Right now I am just putting about 1 tablespoon of loose minerals into 2 cups of nutrena medicated goat pellets twice a day (we have 2 Nigerian dwarf bucklings who are 9 weeks old...they will be wethered soon). is this ok? I see a lot of the minerals left in the bottom of their bowl when I feed them.


----------



## BlessedWithGoats (Apr 16, 2015)

I put somewhere around a cup in a dish by itself, and the goats will go to eat it when they want it.  I'm not an expert though, just getting into goats myself. 
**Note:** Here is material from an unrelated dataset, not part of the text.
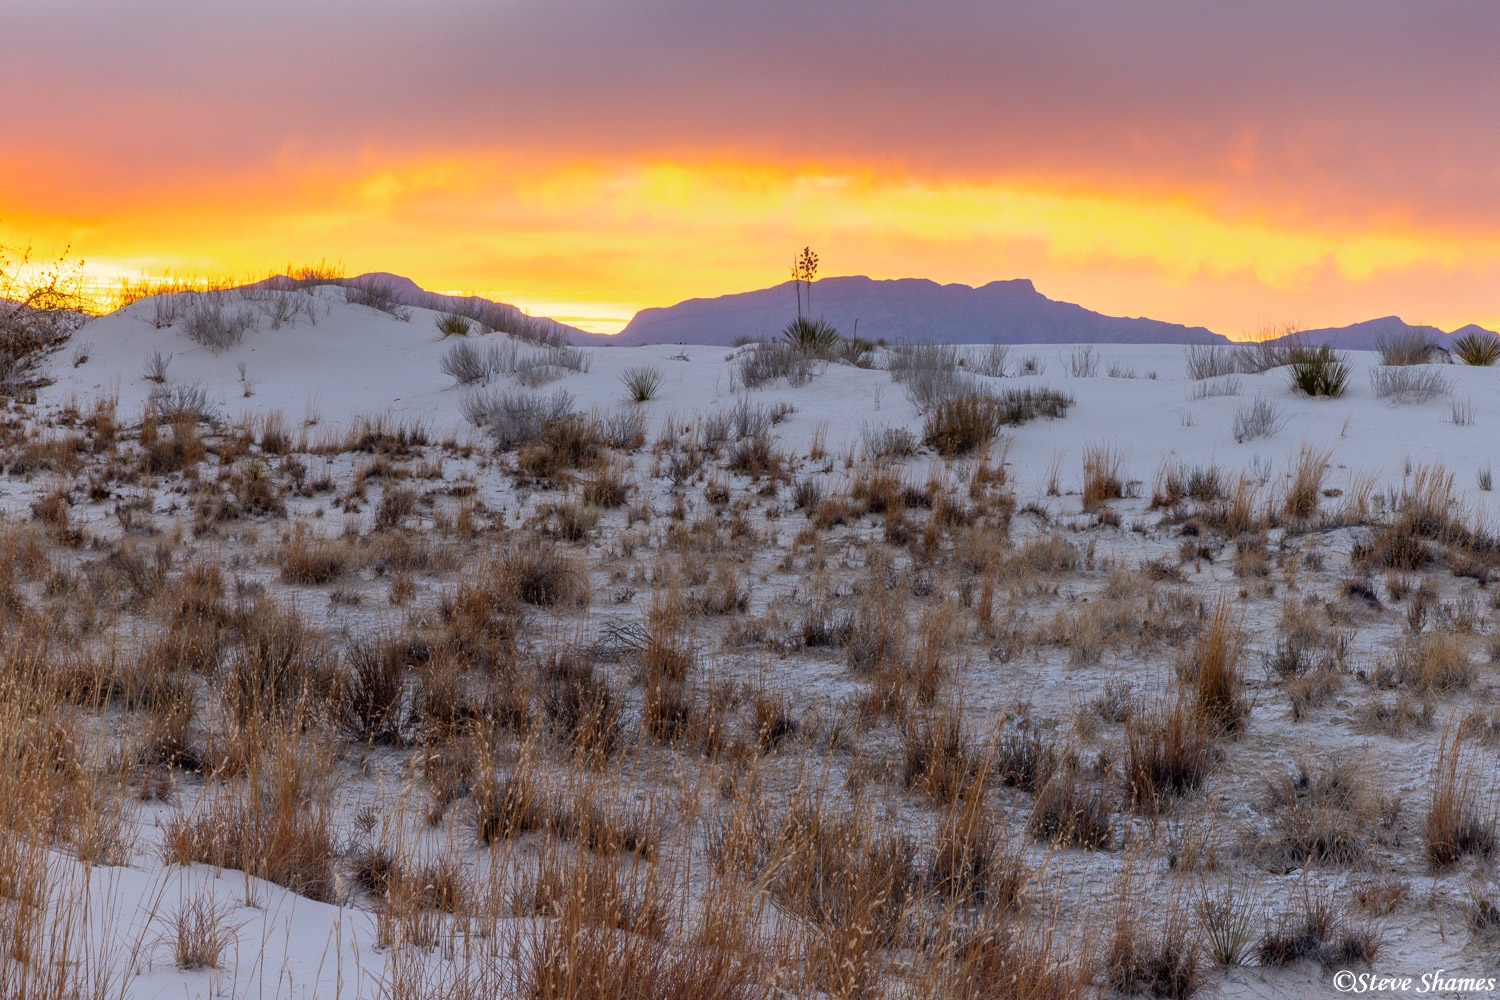 We were treated to a vey colorful sunset on our second day at White Sands!
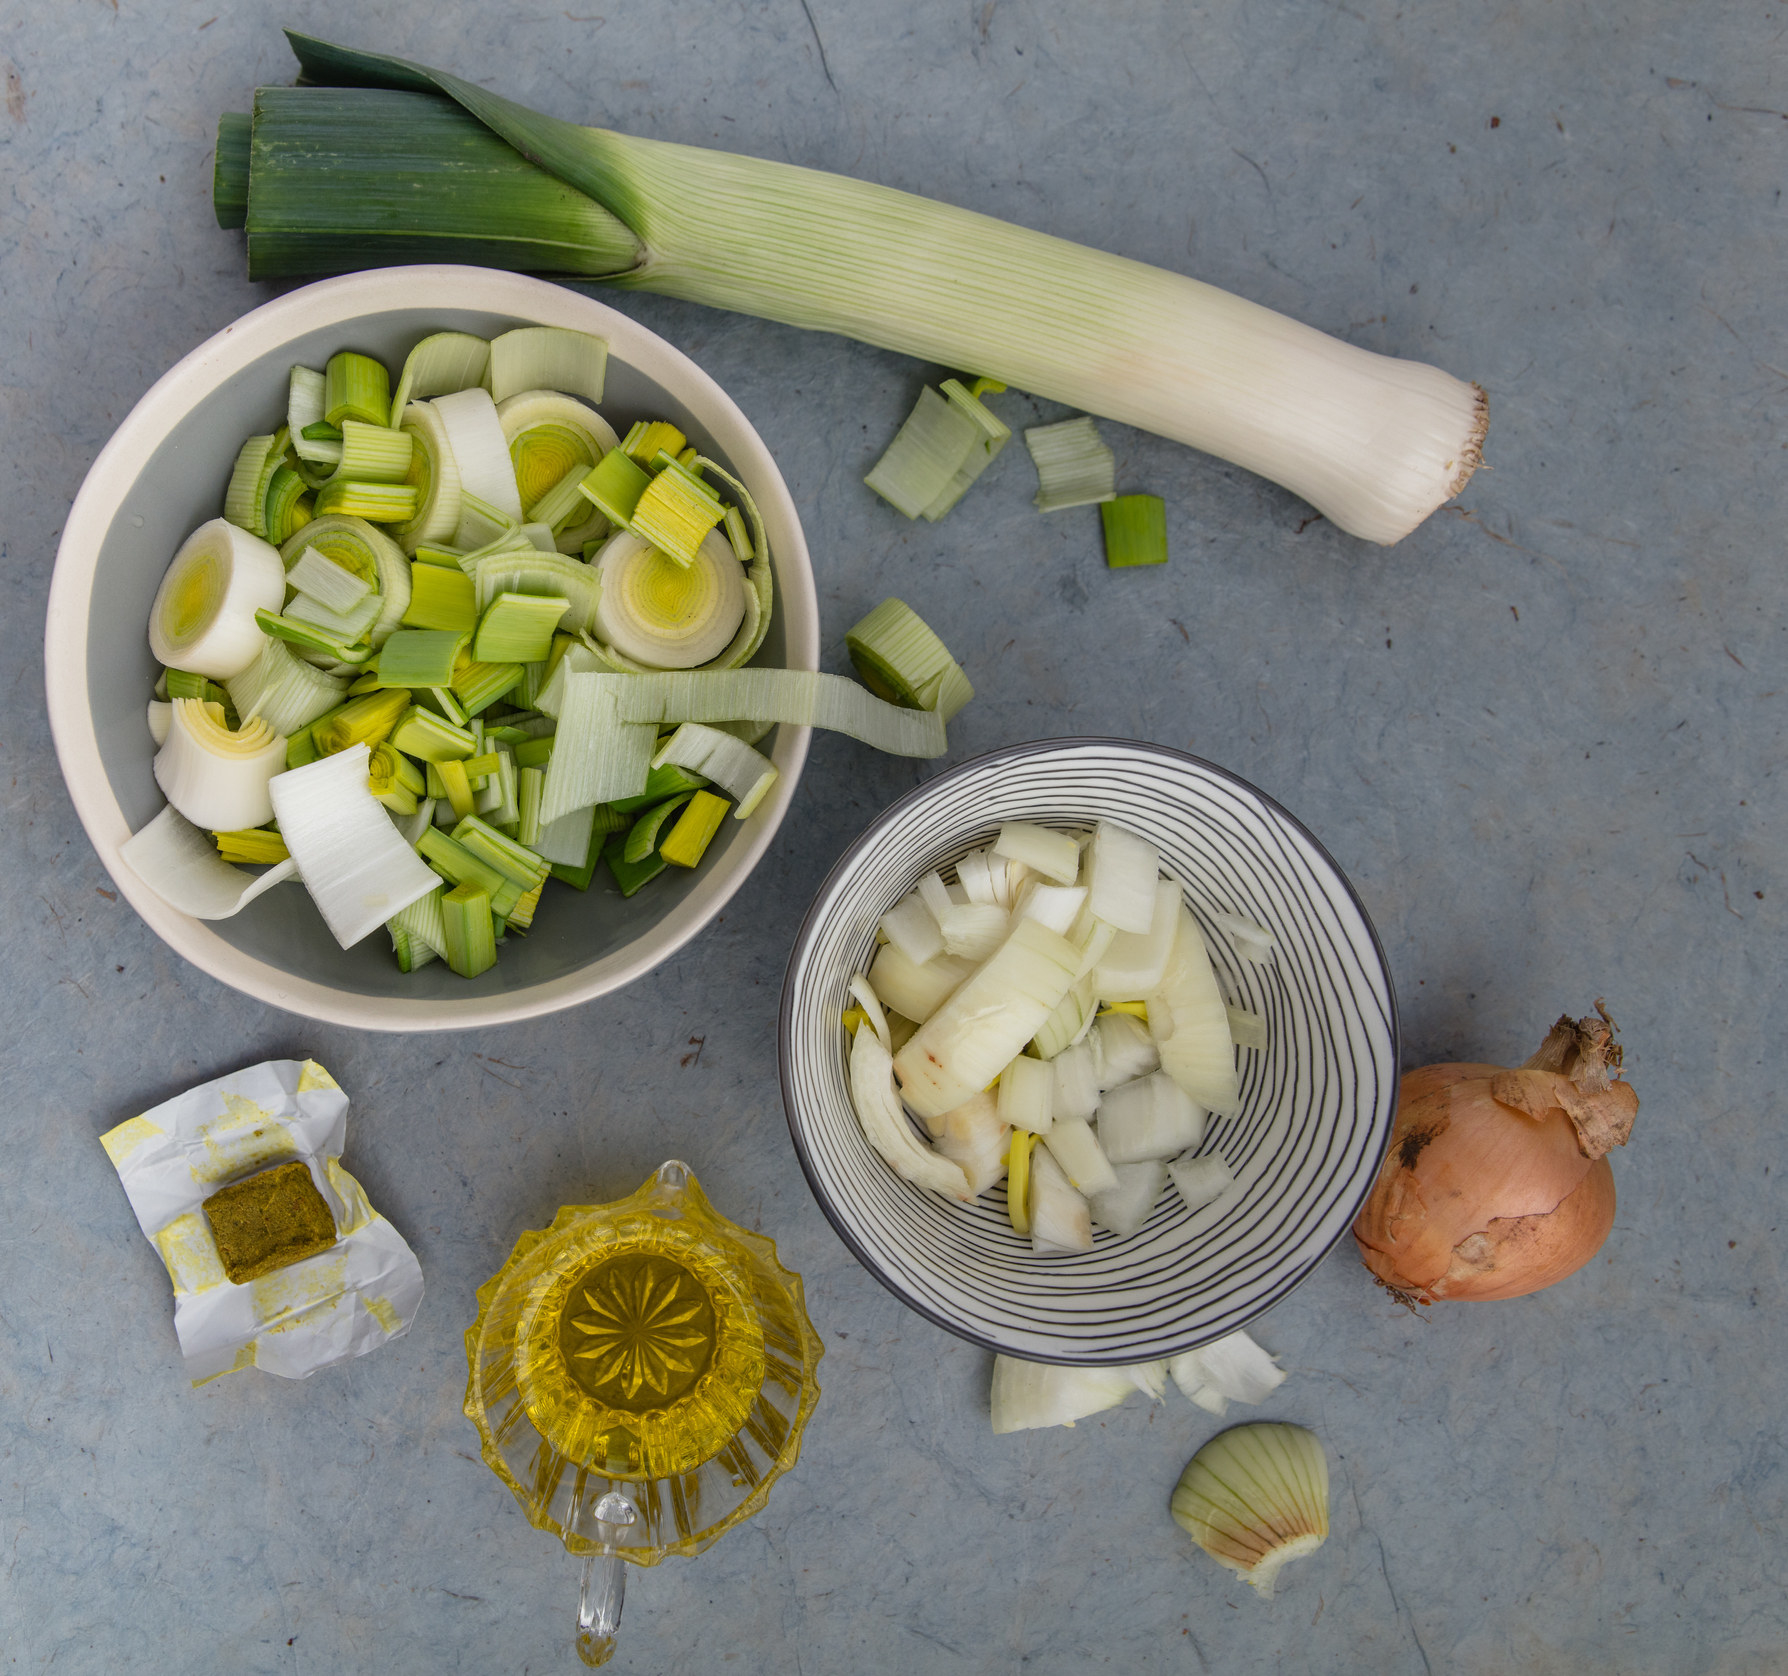 Chopped leek with leek stalk, chopped onion with onion, olive oil and a vegetable bouillon cube.

People who might be able to answer your question better than I can...  @Pearce Pastures, @Southern by choice, @Sweetened, @OneFineAcre, and others.


----------



## Pearce Pastures (Apr 16, 2015)

Some do use it as a topdressing.  I have it in a separate trough and also have available soft-mineral blocks for my prissy-pants goat who doesn't like the loose minerals.  They nibble it as needed.


----------



## GabysMom (Apr 16, 2015)

lol @ prissy-pants  the goats will eat the mineral as long as its available though? I don't HAVE to top dress it?  how often should I change the minerals out, daily? what if they are kept in their enclosure out of rain and such....Like @BlessedWithGoats , I am totally new to goats...and actually livestock in general, so I want to make sure what I am, or am not doing, isn't going to hurt my babes! Should I be keeping all their food/water/hay in their shelter to keep it dry/safe from any rain we have? or....can I post it up on one of the fence poles since their new favorite game is to push over their food bowl and dump the grains everywhere.


----------



## OneFineAcre (Apr 16, 2015)

Find a way to give the minerals free choice.  If they don't eat the minerals, just means they don't need them.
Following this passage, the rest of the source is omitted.